Reproduce exactly the lines from the one containing "Mariska Hargitay Quot" through the end of the listing, minus the pictures.

» **Stored data**

* * * * *

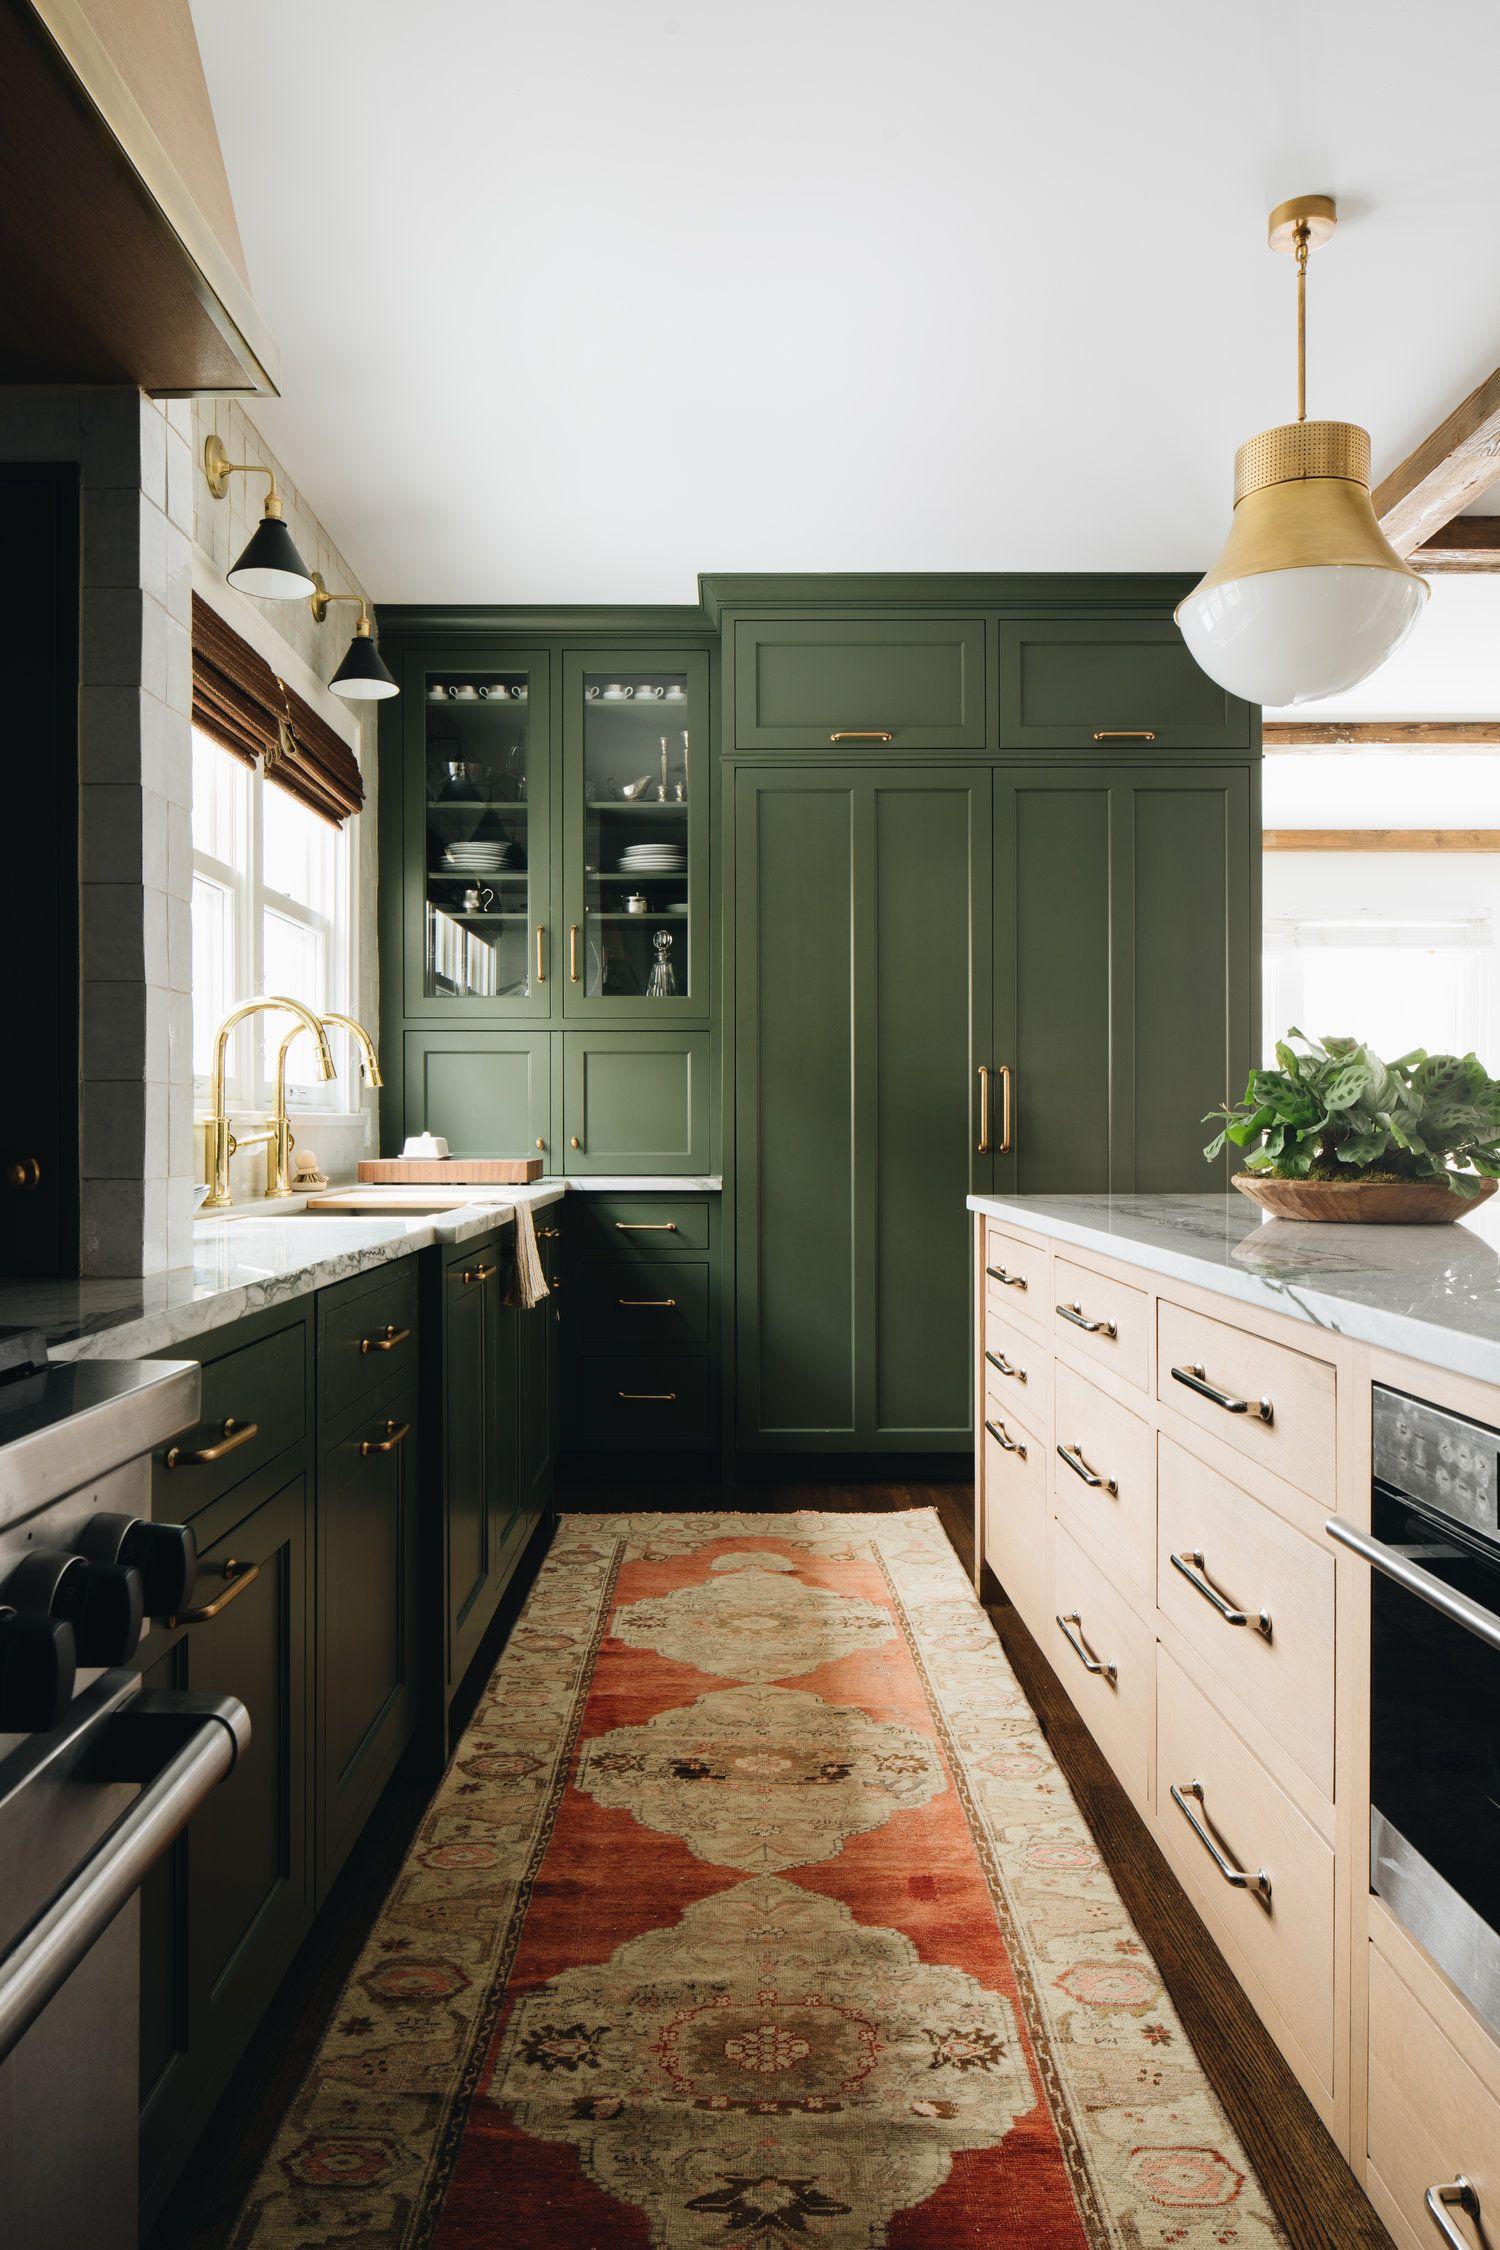 Fair Oaks Jean Stoffer Design Green Kitchen Cabinets Kitchen Design Green Cabinets
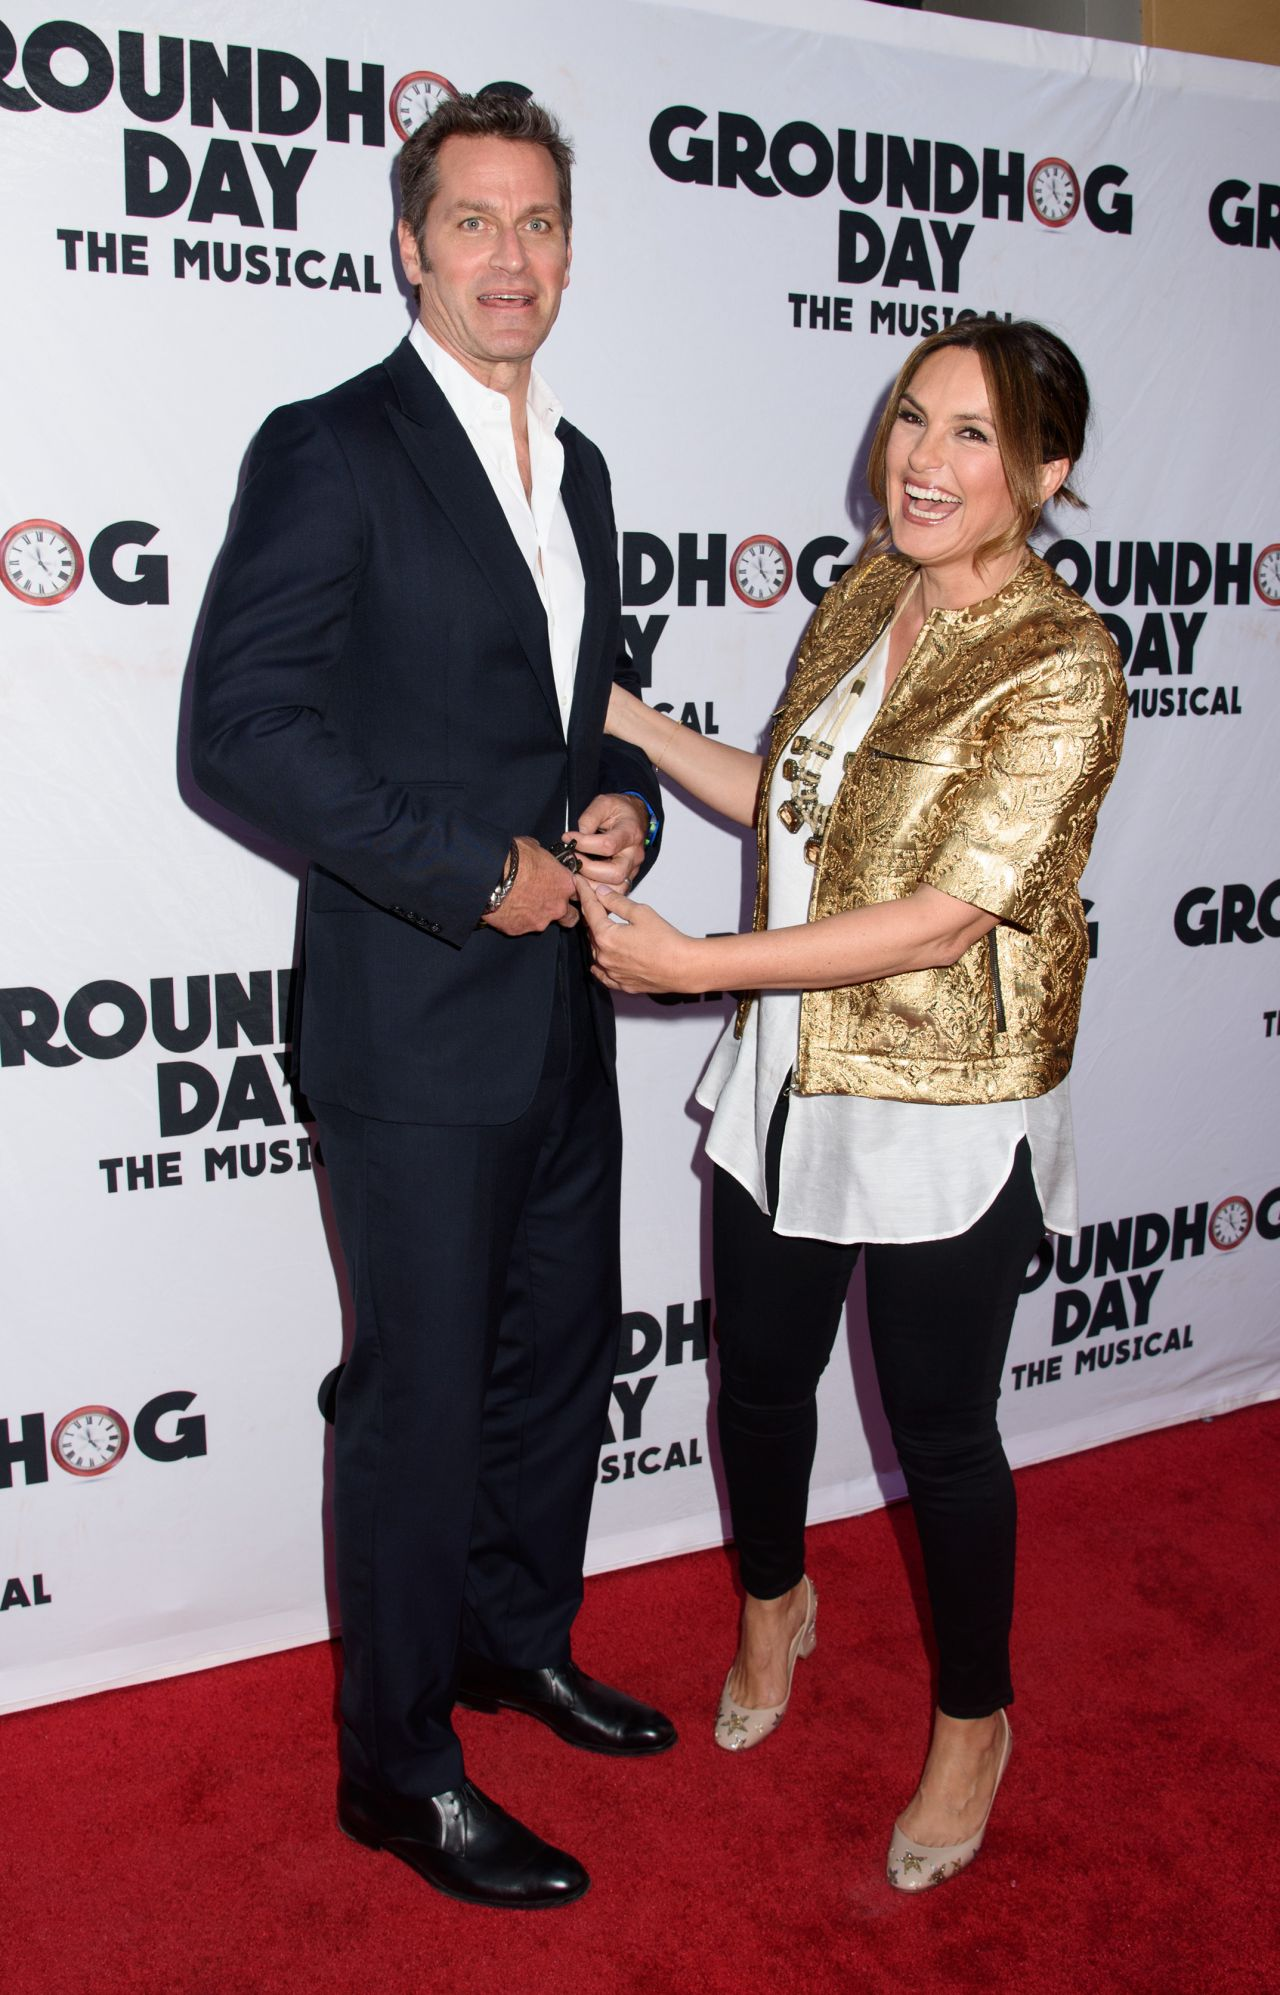 Mariska Hargitay Quot Groundhog Day Quot The Musical In New York
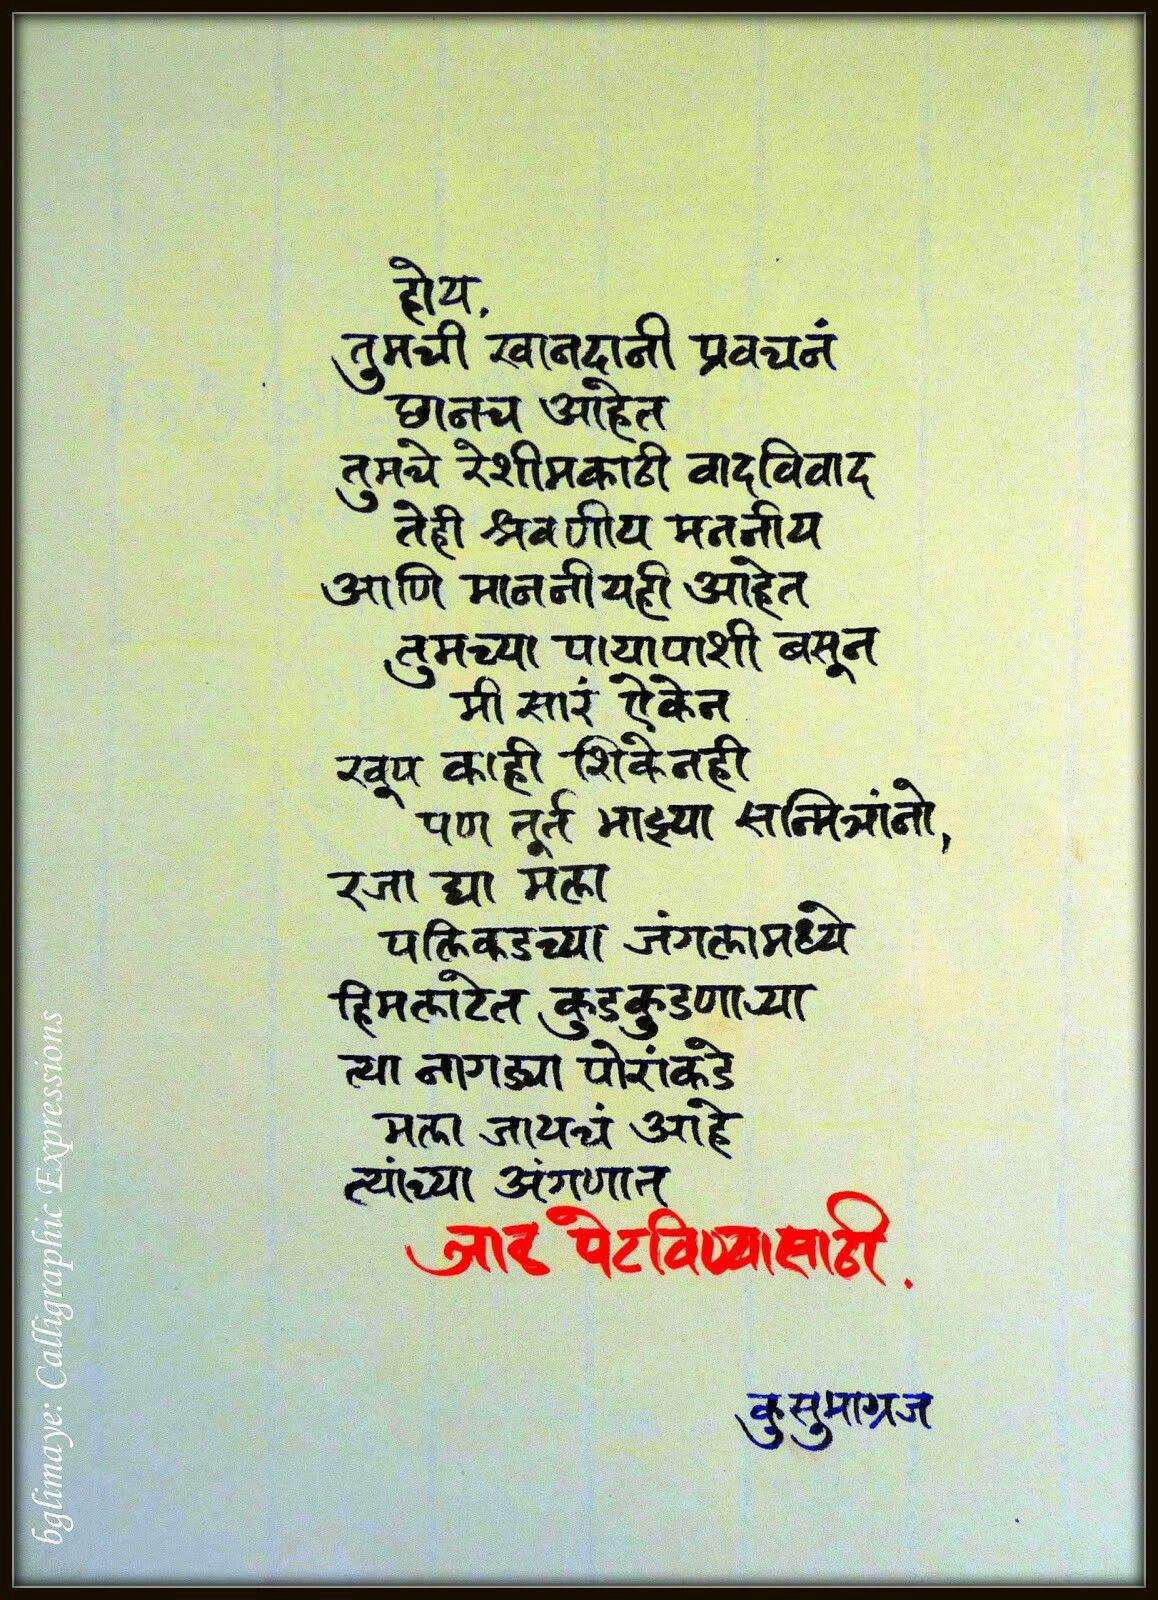 Pin by Bhushan on Calligraphy Feelings words, Marathi

* * * * *

» **Response to this exercise**
 Mariska Hargitay Quot Groundhog Day Quot The Musical In New York
 Pin by Bhushan on Calligraphy Feelings words, Marathi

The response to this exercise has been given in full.